How to pass each value of an array as parameters to a function?

Question

I have the following function that accepts a varying number of integer parameters and returns the sum.

int sum(int a, ...){
    va_list nums;
    va_start(nums, a);
    int res=0;
    for(int i=0; i<a; i++) {
        res += va_arg(nums, int);
    }
    va_end(nums);
    return res;
}

I need to pass each value of the array as a parameter to the function rather than passing the array itself. The array can be of varying length leading to a varying length of arguments to pass too.

printf("The sum is: %d", sum(size, args[0], args[1], ```need all elements of args[] array here```));

To put forth some perspective, I'm using this sum function to understand how I can go about doing this. It would be helpful to know how to achieve this in a more general setting rather than this exact function.
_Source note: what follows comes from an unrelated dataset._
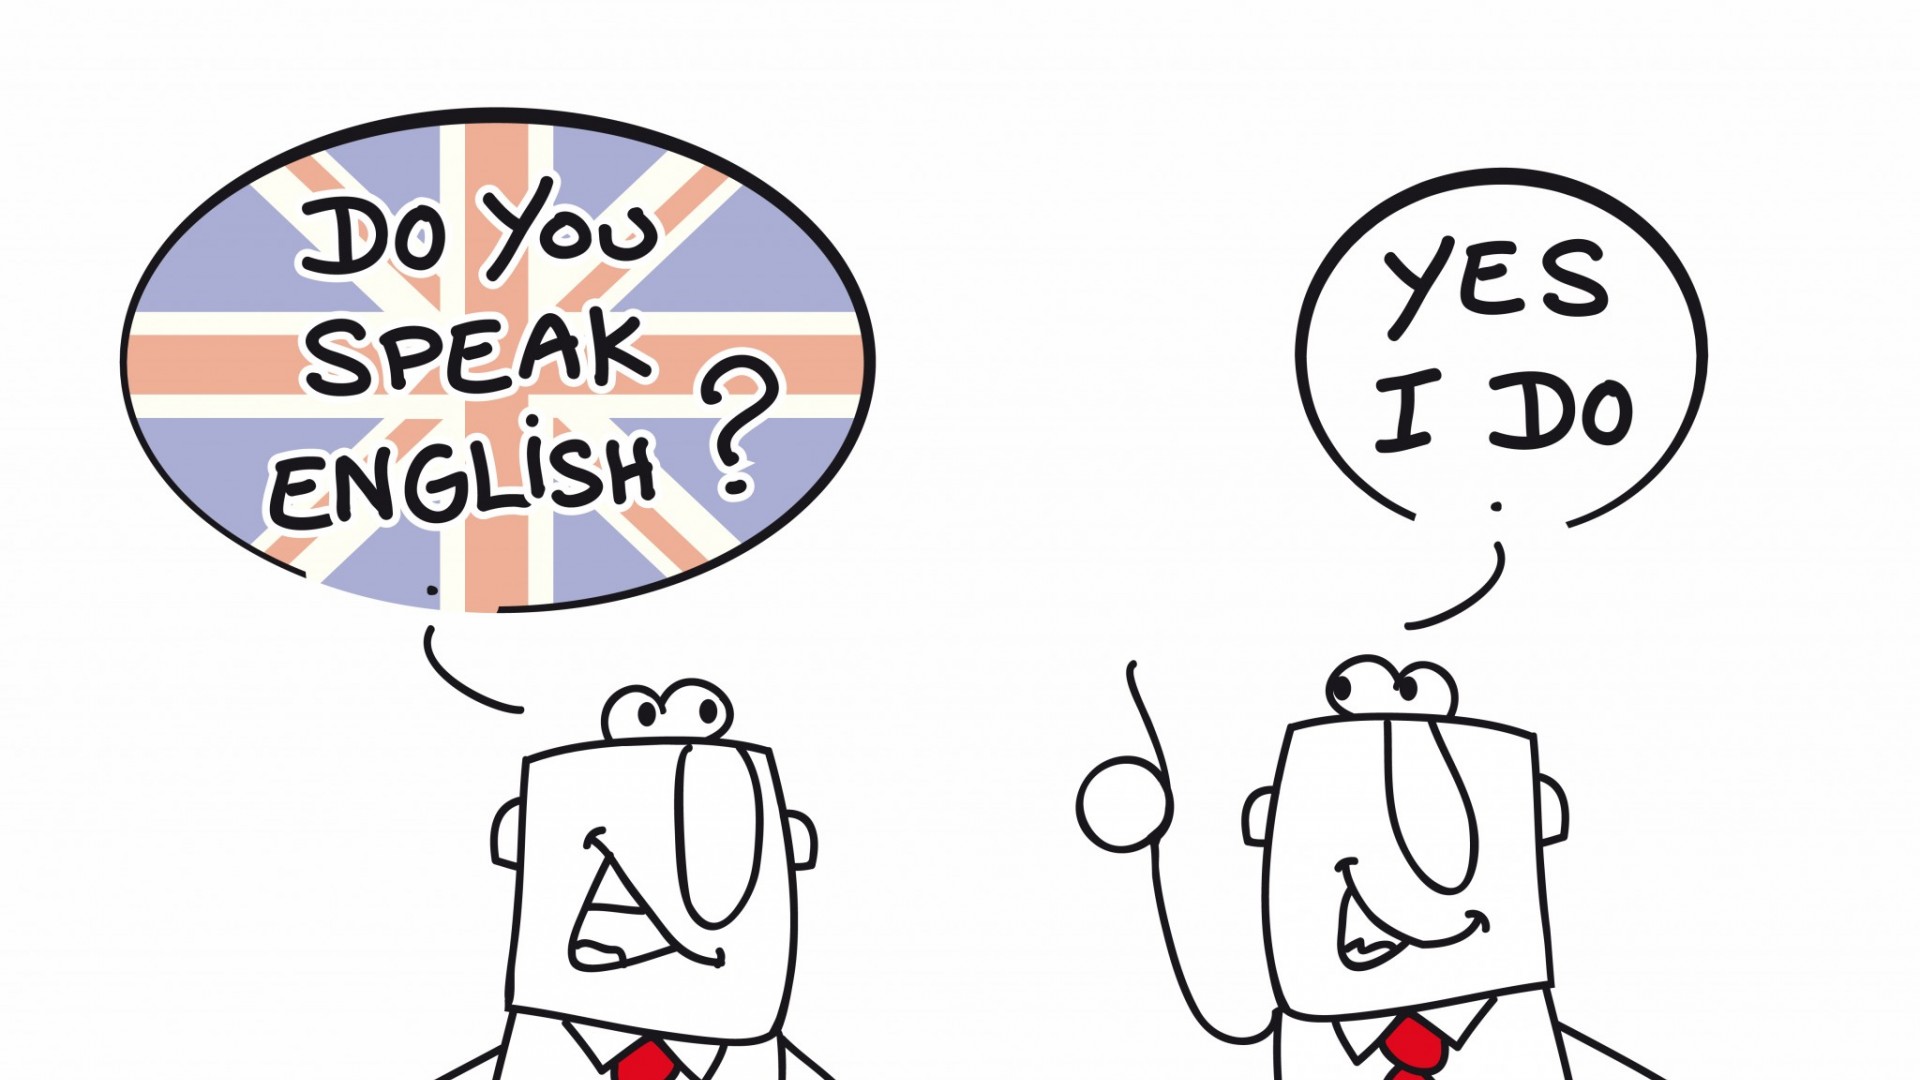 They can t speak english. Speak English. Разговор на английском. Говорим по-английски. Разговаривать на английском.

Please let me know if you need any more information.

Please do look at this question, which is similar, however, I require a solution in C.

Answer 1

The short answer is that there's no way to do exactly this in the C language. There is no ES6-like spread operator in C, nor similar functionality. I don't think there's any particular reason why they couldn't (you would just have to push more arguments onto the stack); they just never made one.

However, there are various other things you can do:

• If variadic arguments were already passed into the function calling your function, you can pass along the va_list to a function declared to take a va_list. See Passing variable arguments to another function that accepts a variable argument list

• As @JonathanLeffer suggests, the most natural way to write this code in C is by constructing an array of what "would be" your variadic arguments, and passing that into a function that expects an array (well, technically, a pointer, because arrays decay to pointers). For example:

  int sum_array(int a, int nums[]){
    int res=0;
    for(int i=0; i<a; i++) {
      res += nums[i];
    }
    return res;
  }
  

  • In certain circumstances, it may be more convenient for a function like sum_array to take only the nums array/pointer, which would itself indicate the end of the array with a 0 or -1 value in the last slot. This is just another convention for indicating the end, which the caller has to set up.

• You could then, if you really wanted to, write a variadic function that collects its arguments into an array and calls sum_array, if you want a variadic version as well. (Of course, you could also just implement the variadic and array versions separately, but for nontrivial functions it may be a pain to implement them twice.)

  int sum_variadic(int a, ...){
    va_list nums;
    va_start(nums, a);
    int arr[a];
    for(int i=0; i<a; i++) {
      arr[i] = va_arg(nums, int);
    }
    va_end(nums);
    return sum_array(a, arr);
  }
  

• you could also use a variadic macro for the same purpose:

  #define sum_macro(size, ...) sum_array(size, (int[]){__VA_ARGS__})
  

In summary: going from variadic to array in C is trivial, going from array to variadic is impossible.

You can also use extensions to the C language to do it anyway, as described in Passing a dynamic set of variadic arguments to a C function and In C, given a variable list of arguments, how to build a function call using them?, which @KamilCuk linked to.

Answer 2

You can avoid passing the number of arguments explicitly by using a variadic macro that constructs a compound literal array instead of a vararg function:

#include <stdio.h>

#define sum_int(...)  (sum_int)(sizeof((int[]){__VA_ARGS__}) / sizeof(int), (int[]){__VA_ARGS__})

int (sum_int)(size_t count, const int *a) {
    int sum = 0;
    for (size_t i = 0; i < count; i++) {
        sum += a[i];
    }
    return sum;
}

int main() {
    printf("sum = %d\n", sum_int(1, 2, 3));
    return 0;
}

This approach can be used for any purpose, as long as the types of the variable arguments are converted implicitly to the array type.

If you want to pass just the arguments to your sum function without changing its definition, you can use a variation of the macro:

#include <stdio.h>

int sum(int a, ...) {
    va_list nums;
    va_start(nums, a);
    int res = 0;
    for (int i = 0; i < a; i++) {
        res += va_arg(nums, int);
    }
    va_end(nums);
    return res;
}

#define sum(...)  (sum)((int)(sizeof((int[]){__VA_ARGS__}) / sizeof(int)), __VA_ARGS__)

int main() {
    printf("sum = %d\n", sum(1, 2, 3));
    return 0;
}

Note however that there is no type checking with this approach and sum(1, 2.0, 3) would have undefined behavior.